How does masking work in Tensorflow Keras

I have difficulty understanding how exactly masking works in Tensorflow/Keras. On the Keras website (Keras でマスキングとパディングをする  |  TensorFlow Core) they simply say that the neural network layers skip/ignore the masked values but it doesn’t explain how? Does it force the weights to zero? (I know a boolean array is being created but I don’t know how it’s being used)

For example check this simple example:

tf.random.set_seed(1)

embedding = tf.keras.layers.Embedding(input_dim=10, output_dim=3, mask_zero=True)
masked_output = embedding(np.array([[1,2,0]]))
print(masked_output)

I asked the Embedding layer to mask zero inputs. Now look at the output:

tf.Tensor(
[[[ 0.00300496 -0.02925059 -0.01254098]
  [ 0.04872786  0.01087702 -0.03656749]
  [ 0.00446818  0.00290152 -0.02269397]]], shape=(1, 3, 3), dtype=float32)

If you change the “mask_zero” argument to False you get the exact same results. Does anyone know what’s happening behind the scene? Any resources explaining the masking mechanism more thoroughly is highly appreciated.

P.S: This is also an example of a full Neural Network which give an identical outcome with and without masking:

tf.random.set_seed(1)
input = np.array([[1,2,0]]) # <--- 0 should be masked and ignored
embedding = tf.keras.layers.Embedding(input_dim=10, output_dim=3, mask_zero=True)
masked_output = embedding(input)
flatten = tf.keras.layers.Flatten()(masked_output)
dense_middle = tf.keras.layers.Dense(4)(flatten)
out = tf.keras.layers.Dense(1)(dense_middle)
print(out)

I looks to me above is ok. The code you show creates the structure of your model aka the graph. And if you run the command masked_output._keras_mask you’ll see the mask has been created: <tf.Tensor: shape=(1, 3), dtype=bool, numpy=array([[ True, True, False]])> and it will actually be used when you start using your graph.

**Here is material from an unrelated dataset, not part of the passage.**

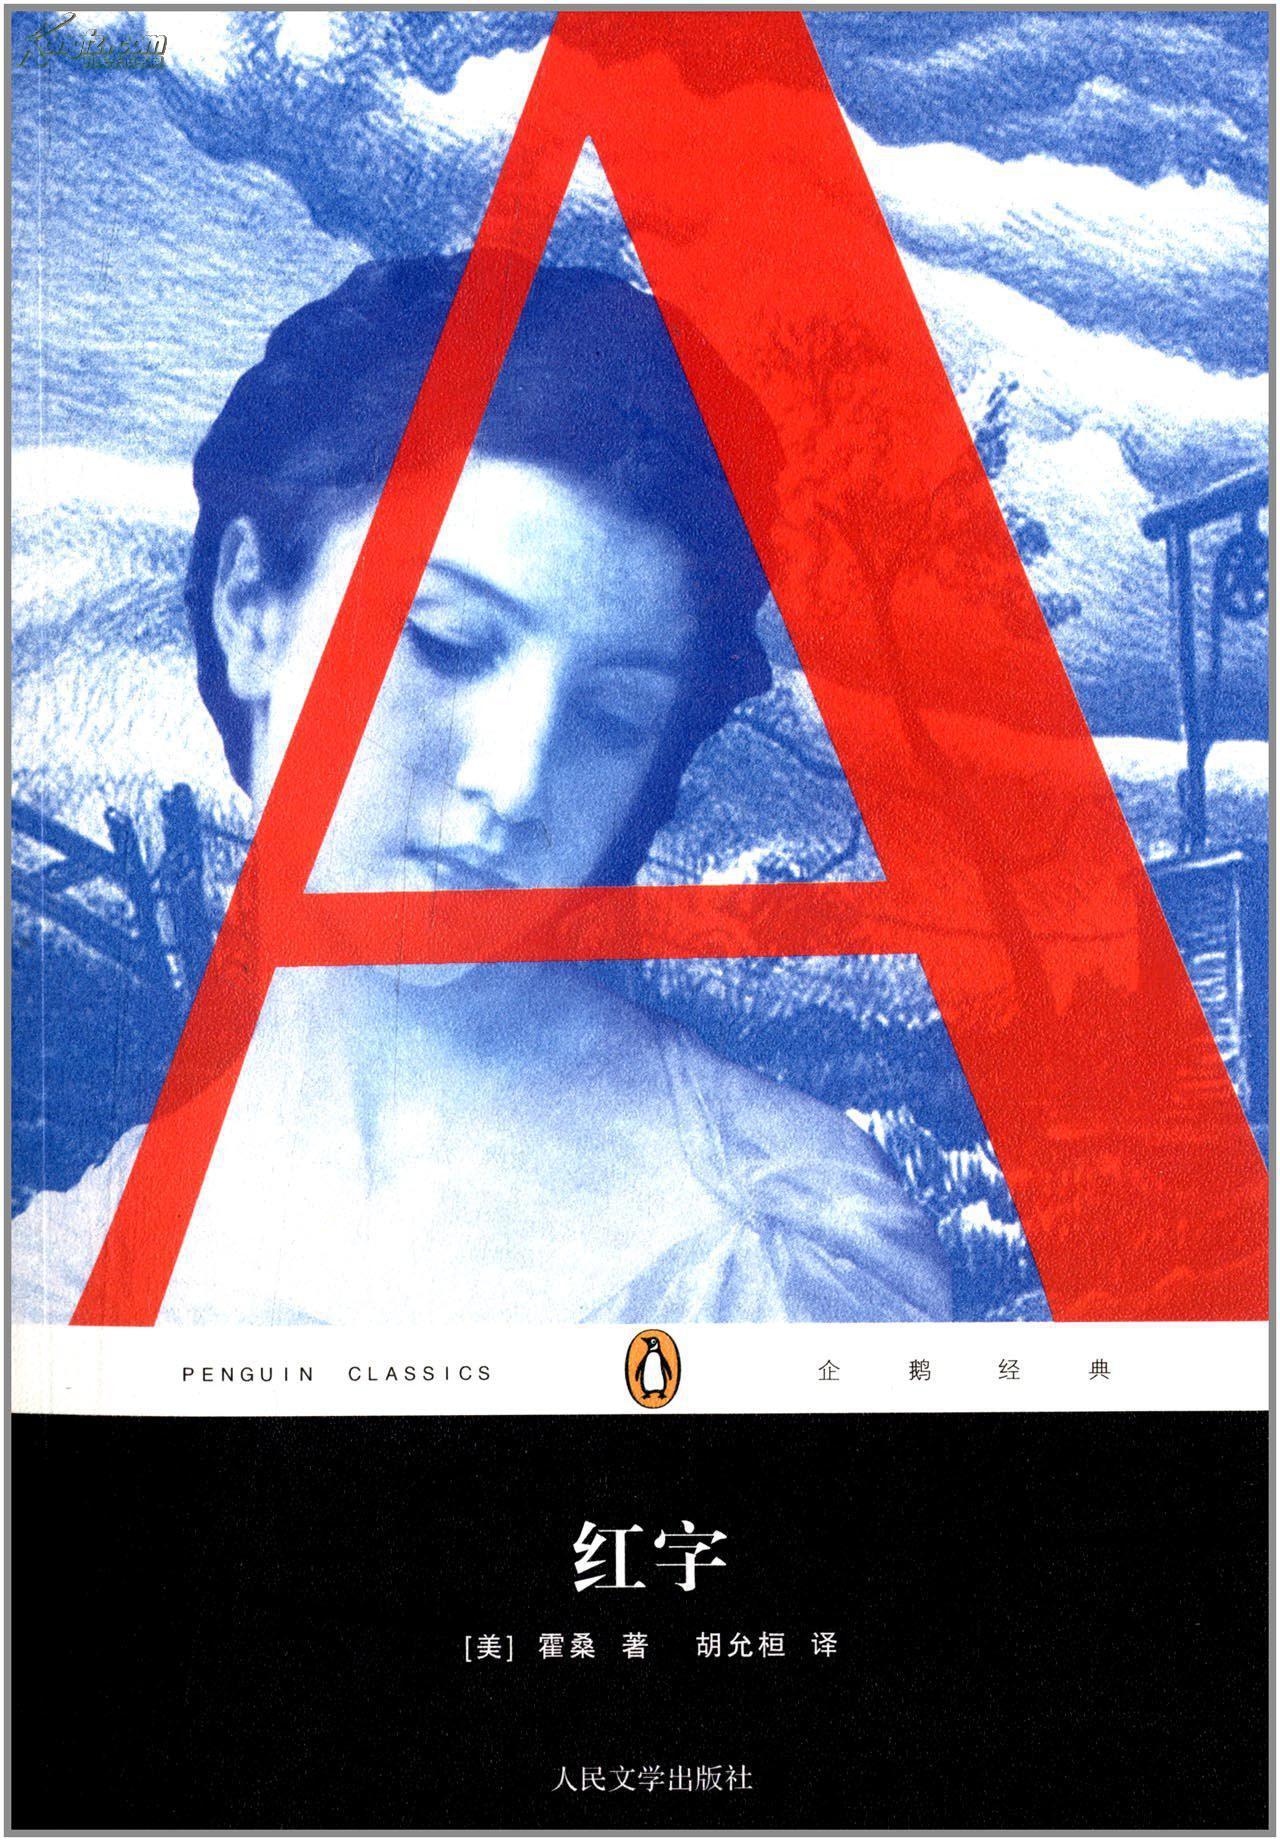 谈谈美国浪漫主义小说代表作《红字》和隐忍的女性

As per as what is going on behind the scene when masking is being used, your mask actually defines some steps to skip (as they explain in the TF webpage you mentioned. So it doesn’t involve complex additional operations, as one can come to think.

Someone on stackexchange made the comment on can think of masking as a form of dropout where the output of a node is nullified.

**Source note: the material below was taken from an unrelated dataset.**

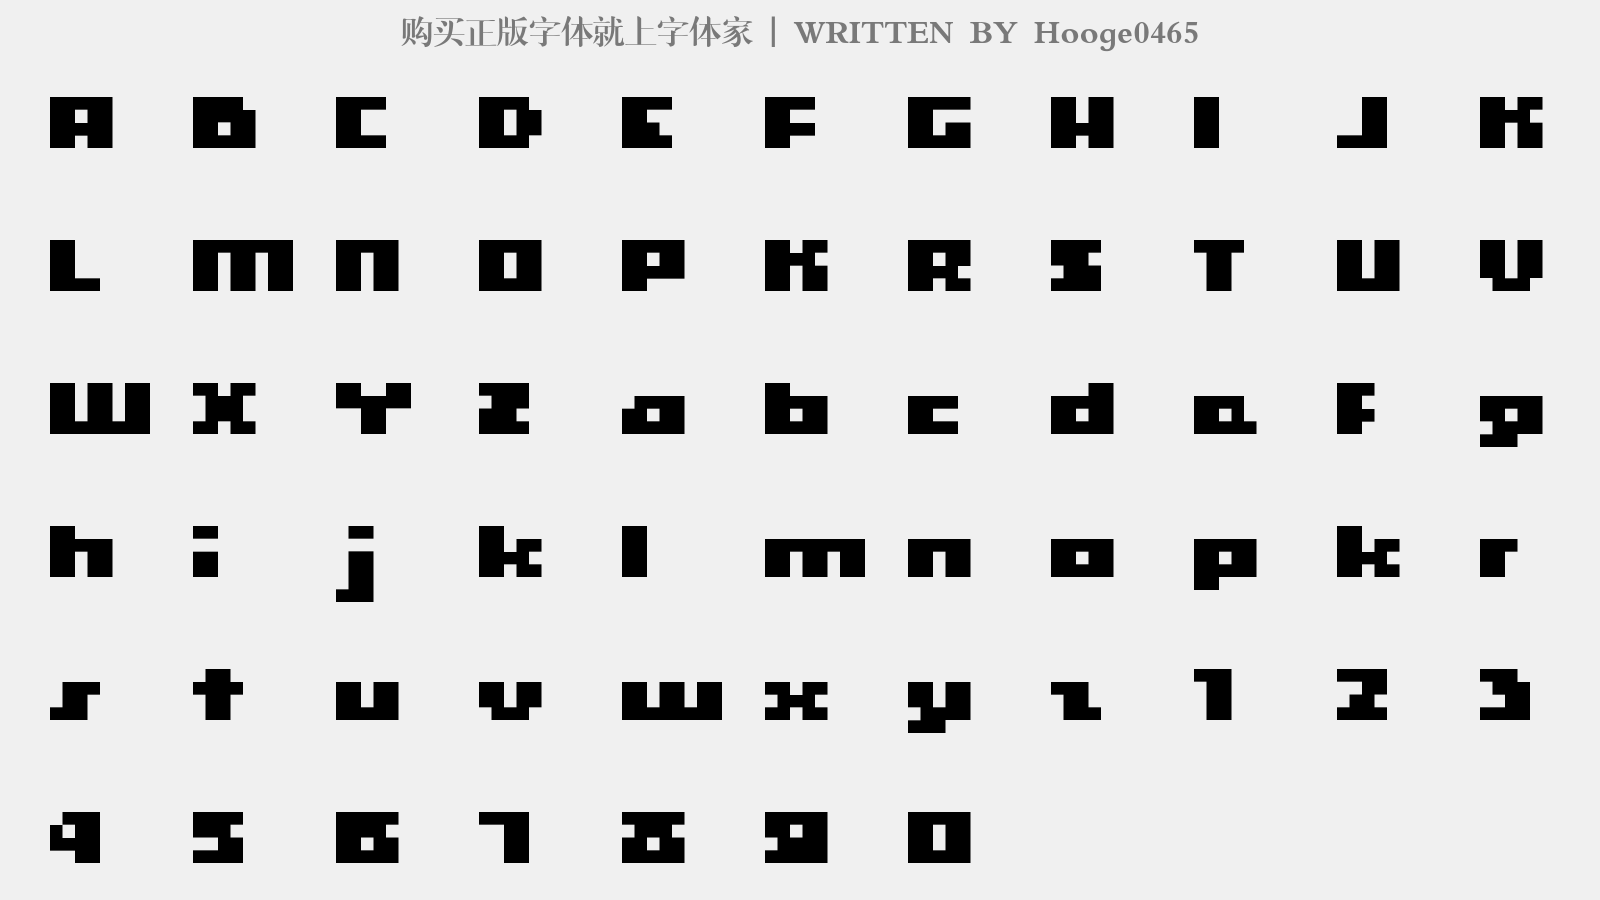 Hooge0465 - 大写字母/小写字母/数字

Also, if useful, the TF team explains in the code definining masking:

Masks a sequence by using a mask value to skip timesteps.
For each timestep in the input tensor (dimension #1 in the tensor),
if all values in the input tensor at that timestep
are equal to `mask_value`, then the timestep will be masked (skipped)
in all downstream layers (as long as they support masking).
If any downstream layer does not support masking yet receives such
an input mask, an exception will be raised.
Example:
Consider a Numpy data array `x` of shape `(samples, timesteps, features)`,
to be fed to an LSTM layer. You want to mask timestep #3 and #5 because you
lack data for these timesteps. You can:
- Set `x[:, 3, :] = 0.` and `x[:, 5, :] = 0.`
- Insert a `Masking` layer with `mask_value=0.` before the LSTM layer:
```python
samples, timesteps, features = 32, 10, 8
inputs = np.random.random([samples, timesteps, features]).astype(np.float32)
inputs[:, 3, :] = 0.
inputs[:, 5, :] = 0.
model = tf.keras.models.Sequential()
model.add(tf.keras.layers.Masking(mask_value=0.,
                                  input_shape=(timesteps, features)))
model.add(tf.keras.layers.LSTM(32))
output = model(inputs)
# The time step 3 and 5 will be skipped from LSTM calculation.
```

Hopefully above is helpful.

Thanks but I still can’t see the math behind these operations. For me neural networks are all about matrix multiplication. Things that I want to know are:

  • 1- whether masking is done by forcing some weights to zero? Is this how dropout works?
  • 2- How is it different than simply using the padded values that are zero without masking (zero times anything is zero again, hence I suppose the answer to my 1st question should be no, because there is no point in forcing the weights to zero when the input is zero itself)
  • 3- I assume masking didn’t suddenly emerge out of thin air, so I want to know who invented the method? Are there any academic papers talking about it?